◆ **EXERCISE DETAILS**
An exact transcription of all the data is required; the pictures are to be left out.

◆ **EXERCISE DATA**
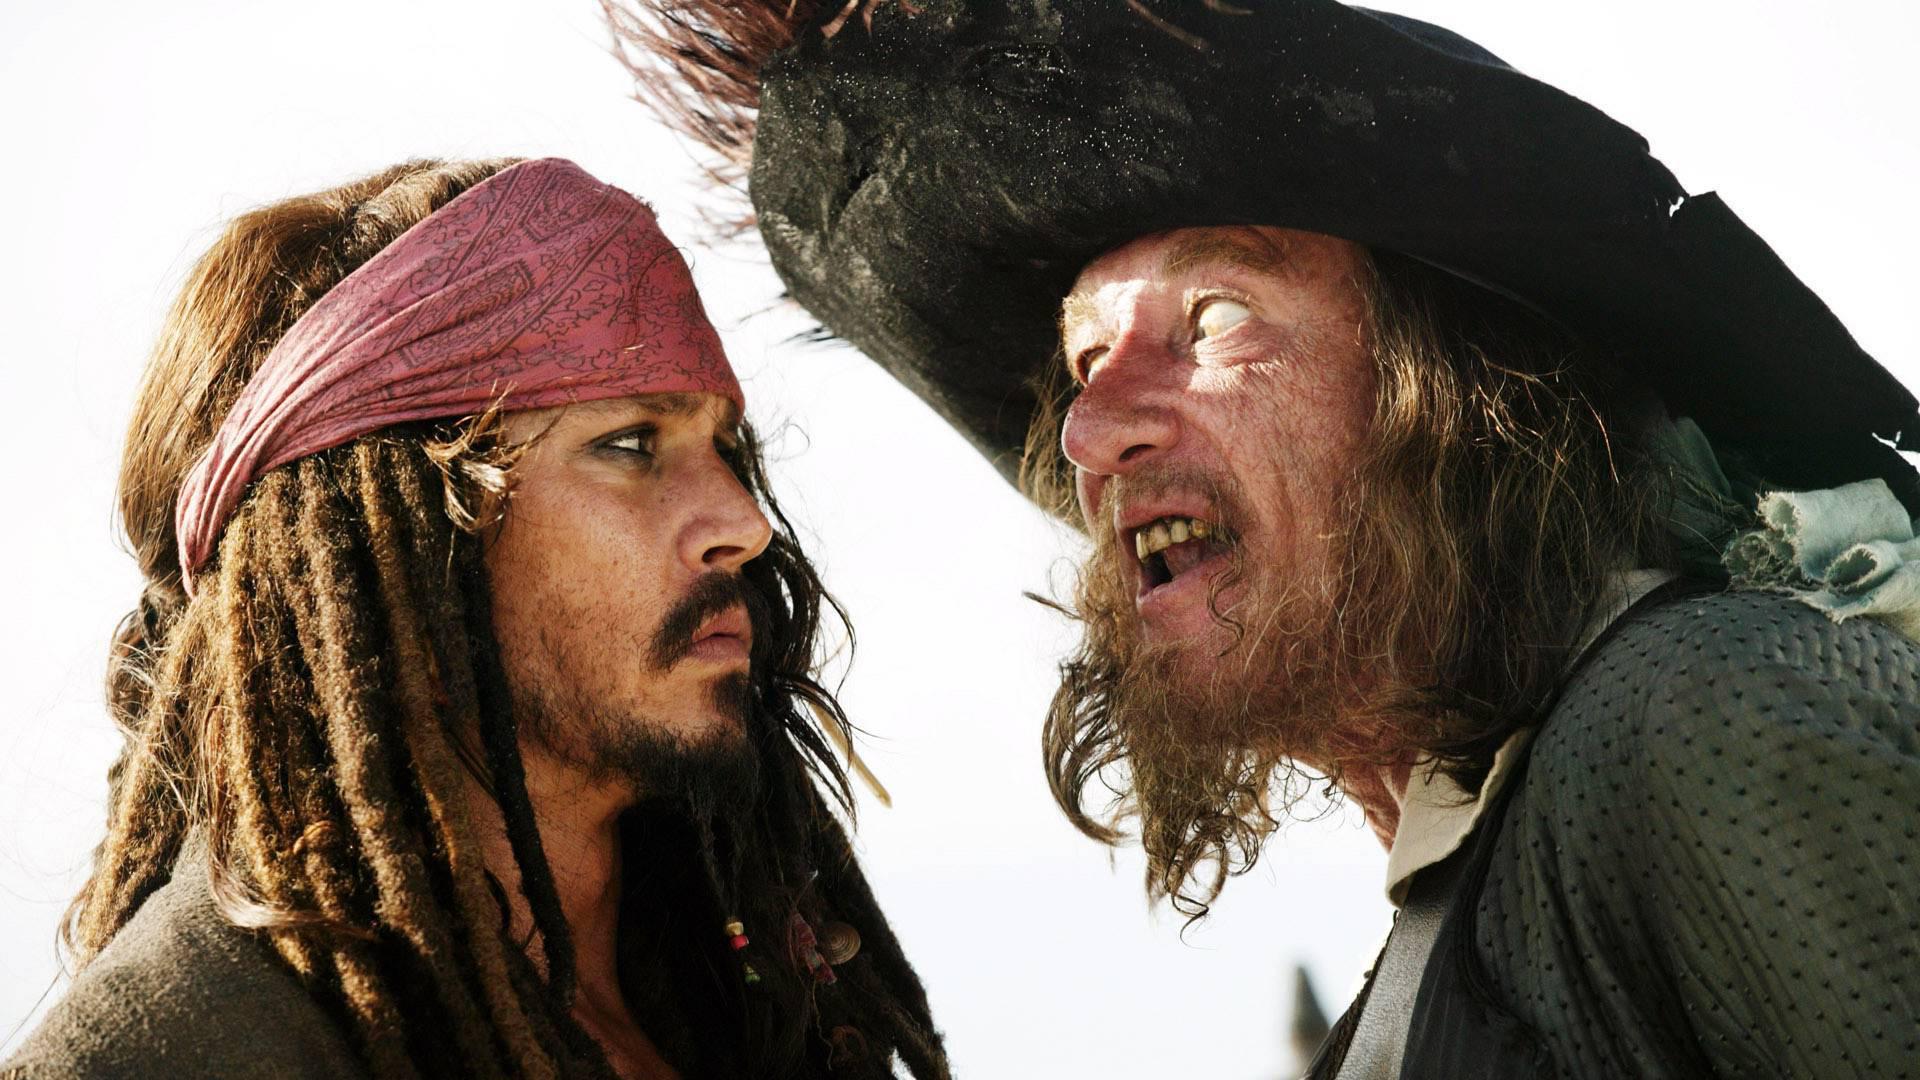 Очень жесткий спойлер от Disney: Джека Воробья убьют в новой части «Пиратов Карибского моря»
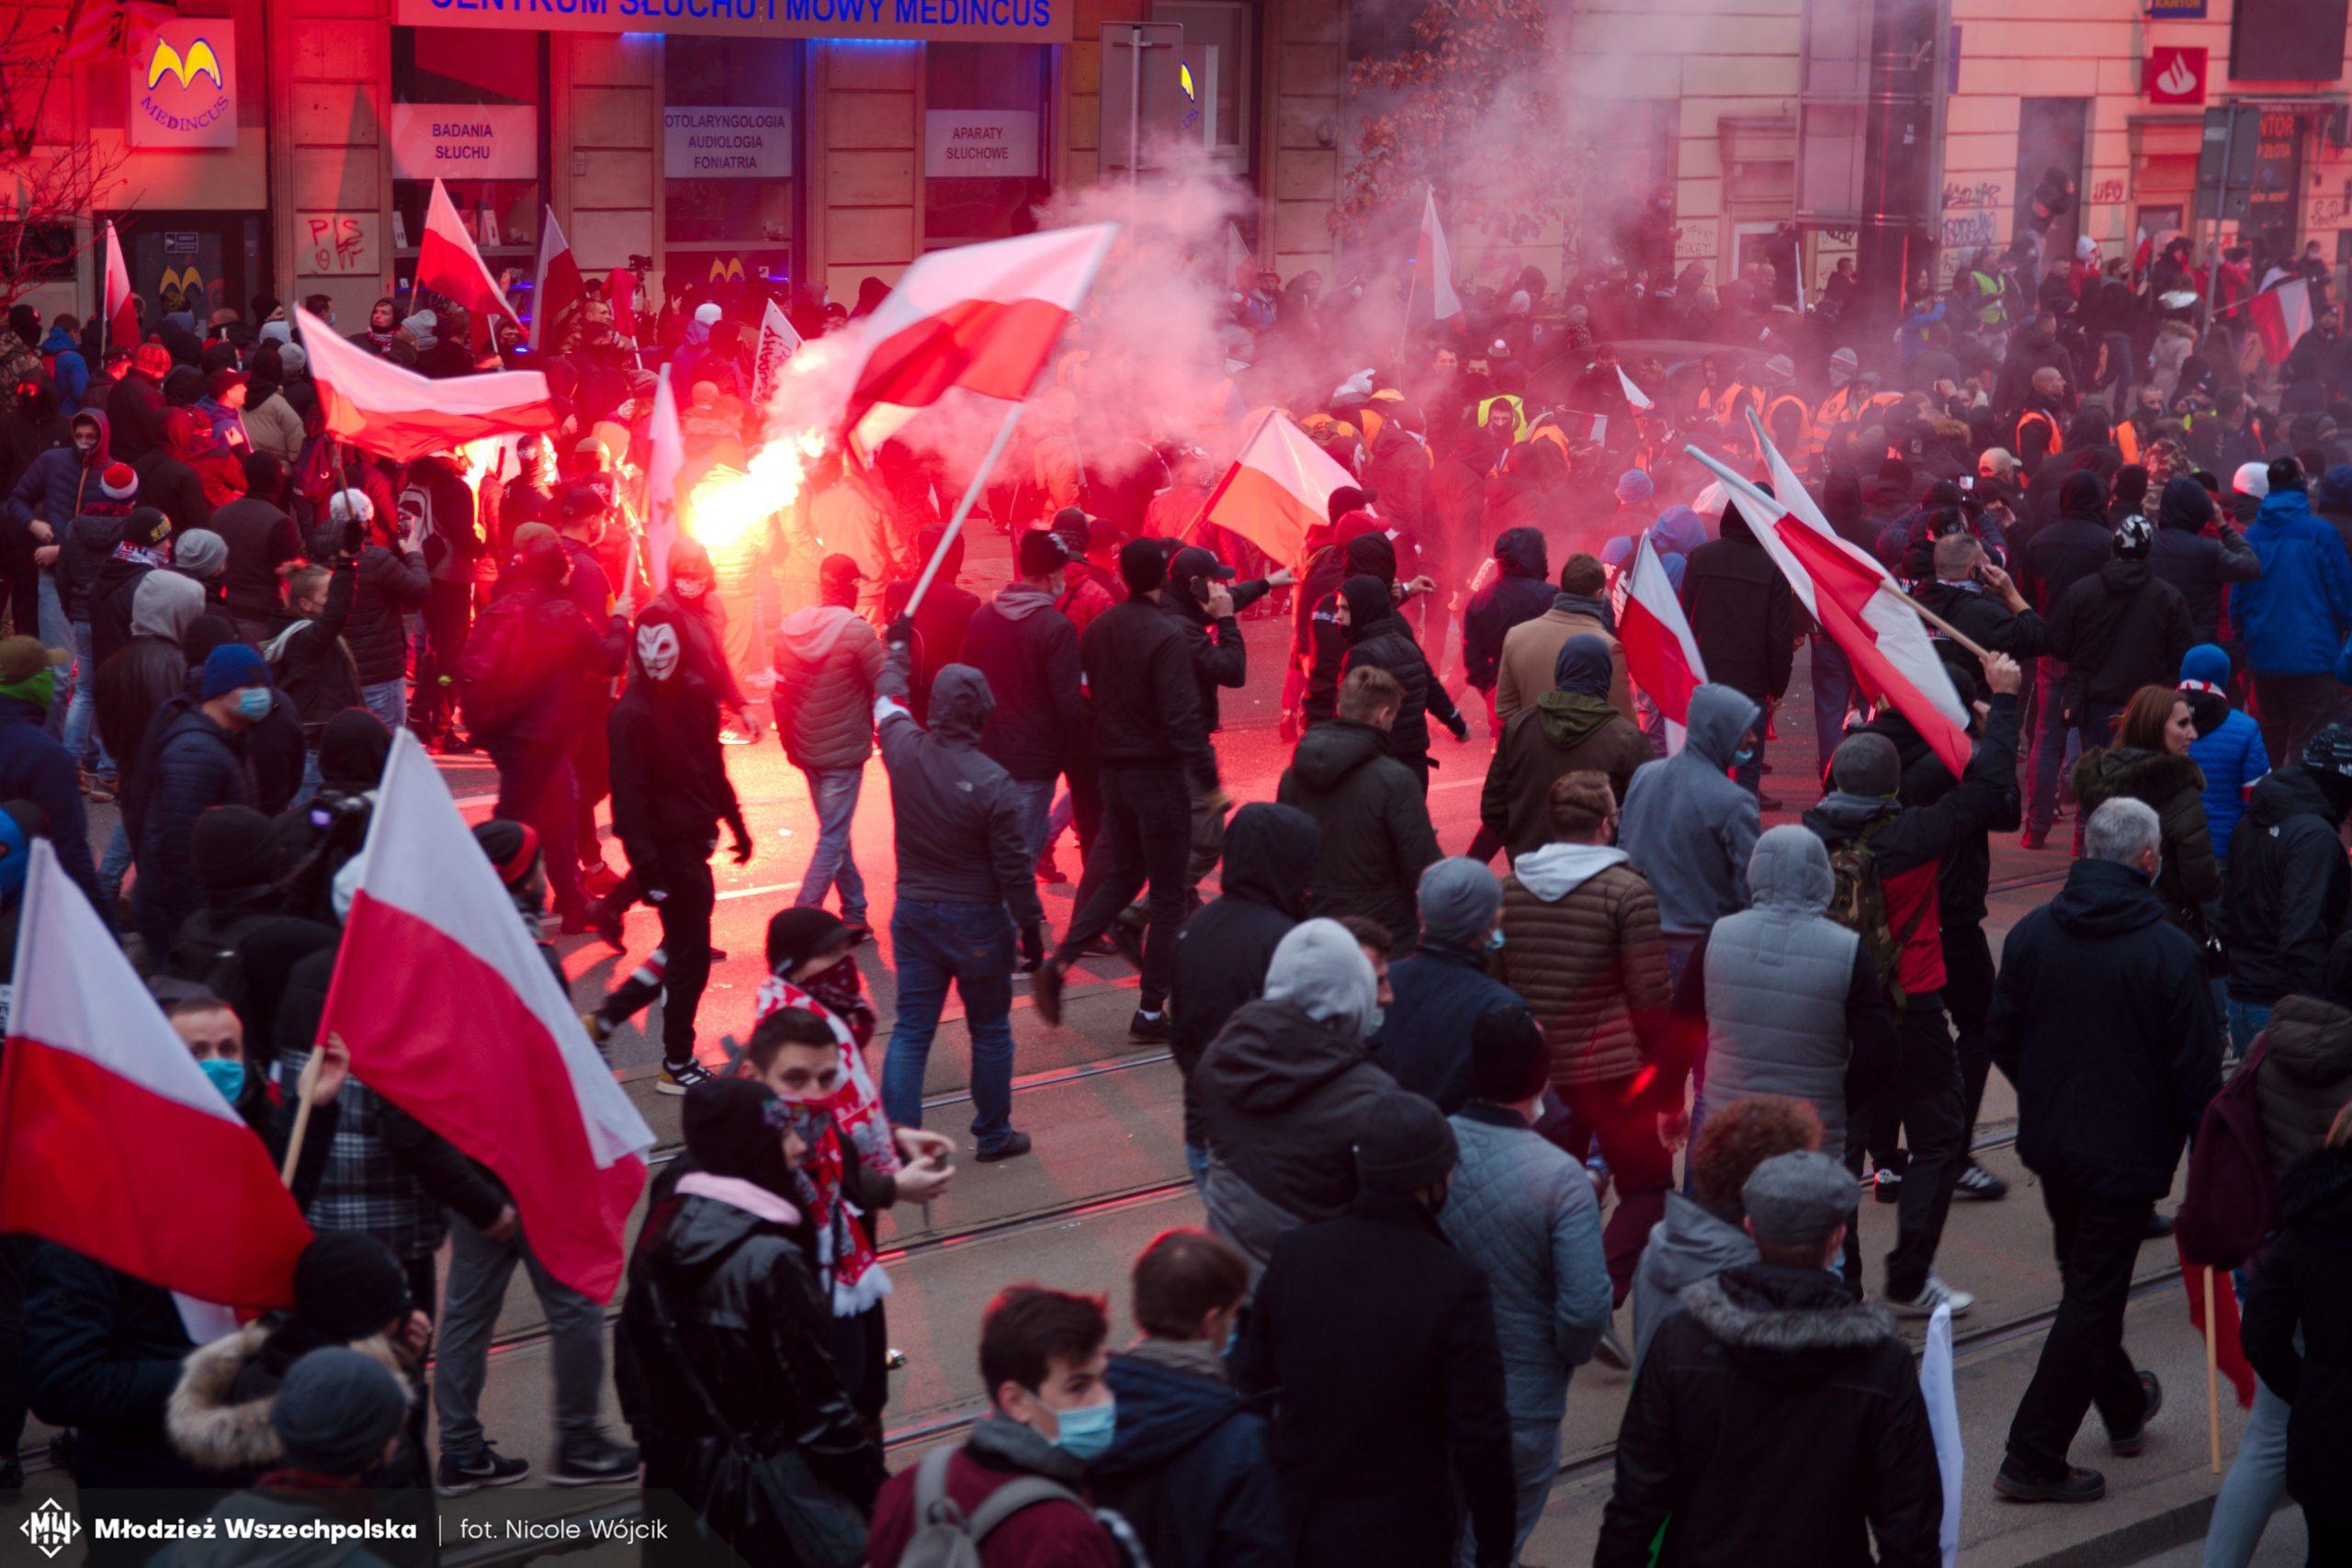 Polscy prawicowcy przegrają wszystko. Hiperliberalizmu nie zwalczy się... liberalizmem
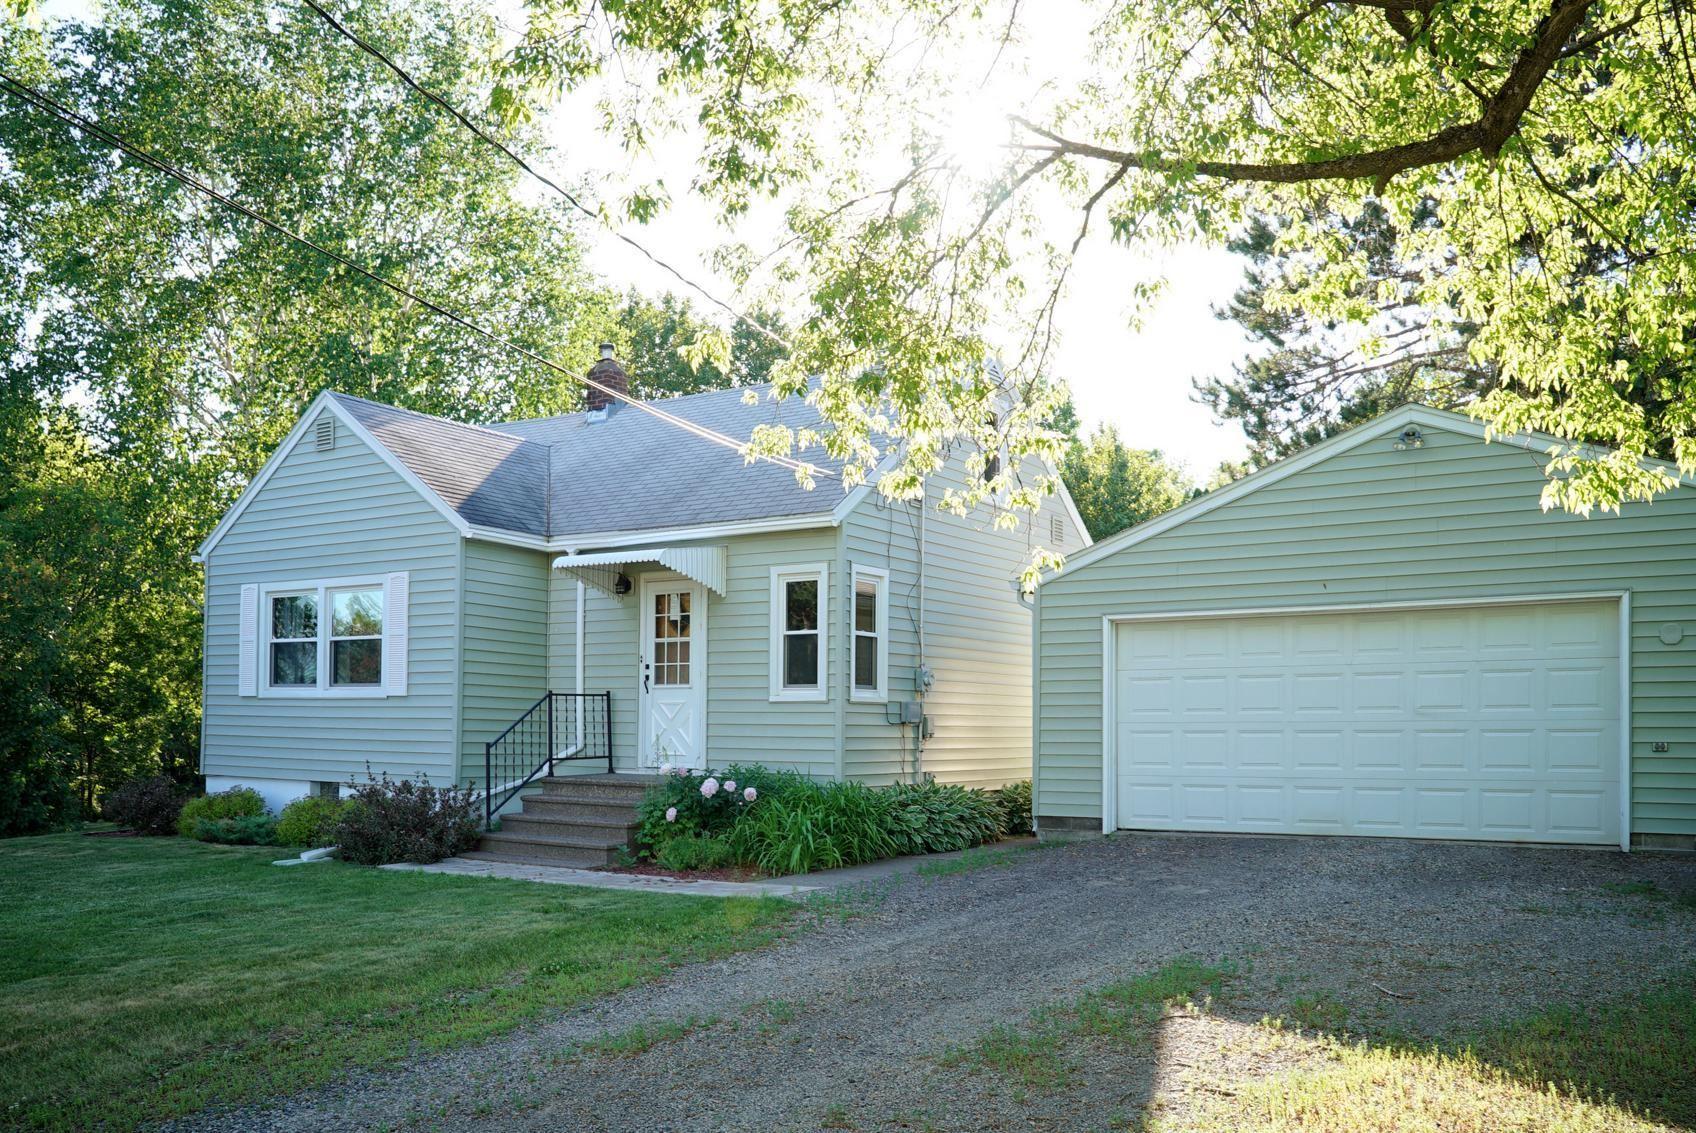 1815 Springvale Road, Duluth, MN 55811 - MLS#: 5615855
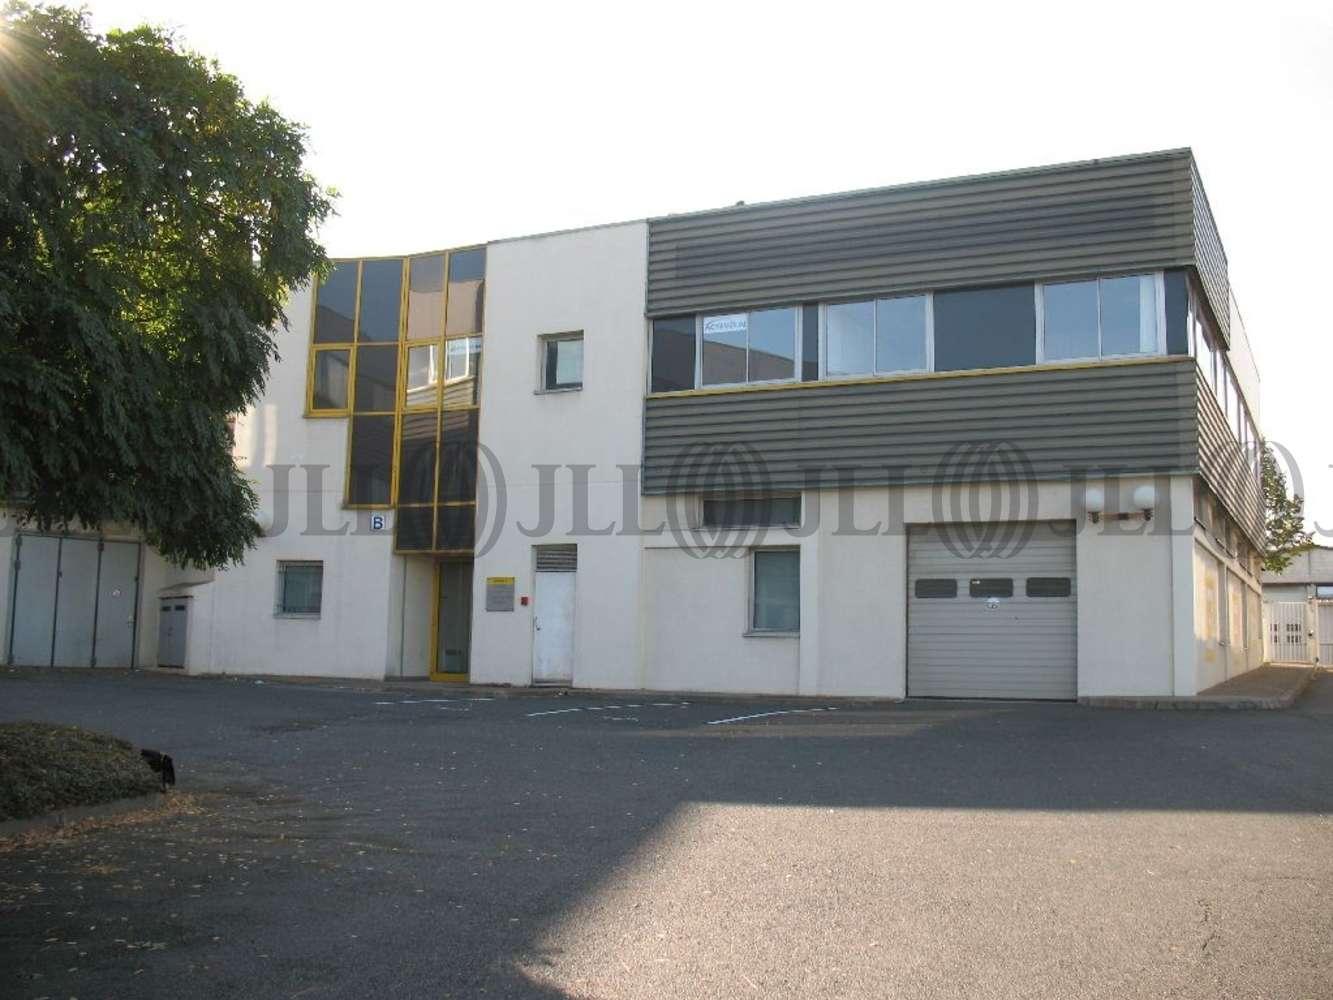 Activités/entrepôt Vitry sur seine, 94400

◆ **EXERCISE ANSWER**
 Очень жесткий спойлер от Disney: Джека Воробья убьют в новой части «Пиратов Карибского моря»
 Polscy prawicowcy przegrają wszystko. Hiperliberalizmu nie zwalczy się... liberalizmem
 1815 Springvale Road, Duluth, MN 55811 - MLS#: 5615855
 Activités/entrepôt Vitry sur seine, 94400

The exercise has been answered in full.